Juana de Chantal en los orígenes de la Visitación
            En 1604, Francisco de Sales se encontró en Dijon, donde estaba predicando la cuaresma, con la mujer que estaba a punto de convertirse en la «piedra fundamental» de un nuevo instituto. En esa fecha, Jeanne-Françoise Frémyot era una joven viuda de treinta y dos años. Nacida en 1572 en Dijon, se había casado a los veinte años con Christophe Rabutin, barón de Chantal. Tuvieron un hijo y tres hijas. Quince días después del nacimiento de la última hija, el marido fue mortalmente herido durante una partida de caza. Quedándose viuda, Juana continuó valientemente ocupándose de la educación de los hijos y de ayudar a los pobres.
            El encuentro de Chantal con el obispo de Ginebra marcó el inicio de una verdadera amistad espiritual que desembocaría en una nueva forma de vida religiosa. Al principio, Francisco de Sales inculcó a Juana que amara la humildad requerida por su estado de viuda, sin pensar en un nuevo matrimonio o en la vida religiosa; la voluntad de Dios se manifestaría a su debido tiempo. La animó en las pruebas y tentaciones contra la fe y contra la Iglesia.
            En 1605, la baronesa llegó a Sales para ver a su director y profundizar con él los temas que la preocupaban.

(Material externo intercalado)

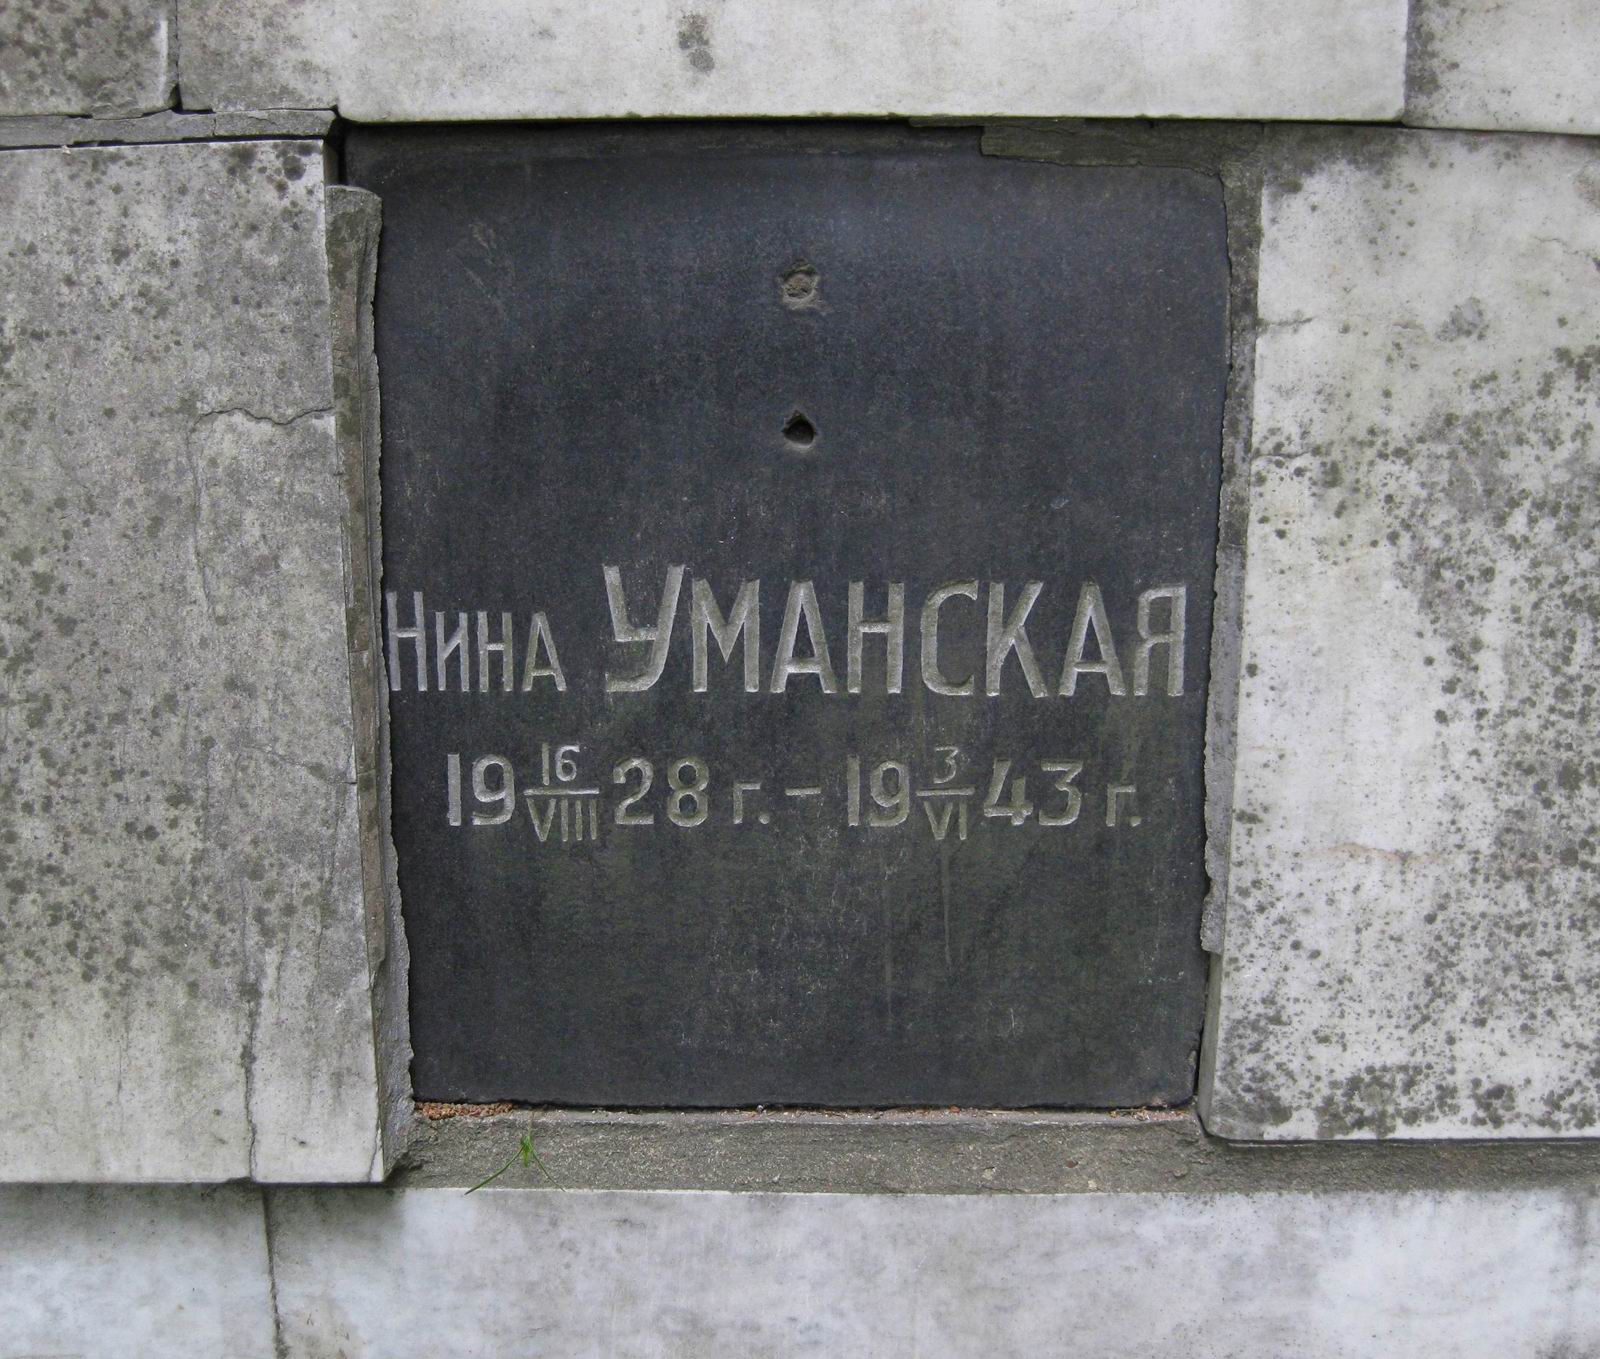 Плита на нише Уманской Н.К. (1928–1943), на Новодевичьем кладбище (колумбарий [1]–3–2). Нажмите левую кнопку мыши чтобы увидеть общий вид.

Francisco respondió evasivamente al deseo de Juana de hacerse religiosa, pero añadiendo estas fuertes palabras: «El día en que abandonen todo, vendrán a mí y haré en modo que se encuentren en un total despojo y desnudez, para ser toda de Dios». Para prepararla para este objetivo final, le sugería: “la dulzura de corazón, la pobreza de espíritu y la simplicidad de vida, junto con estos tres modestos ejercicios: visitar a los enfermos, servir a los pobres, consolar a los afligidos y otros similares”.
            Al inicio de 1606, ya que el padre de la baronesa la empujaba a volver a casarse, el problema de la vida religiosa se volvió urgente. ¿Qué hacer, se preguntaba el obispo de Ginebra? Una cosa era clara, pero la otra estaba en el aire:

He aprendido hasta este momento, Hija mía, que, un día, deberán dejar todo; o mejor, para que no entiendan la cosa de manera diferente a como la he entendido yo, que, un día, les tendré que aconsejar que dejen todo. Digo dejar todo. Pero que deban hacerlo para entrar en la vida religiosa, es poco probable, porque aún no me ha ocurrido estar de este parecer: todavía estoy en duda, y no veo, ante mí, nada que me invite a desearlo. Compréndanme bien, por amor de Dios. No digo que no, pero solo digo que mi espíritu aún no ha encontrado una razón para decir que sí.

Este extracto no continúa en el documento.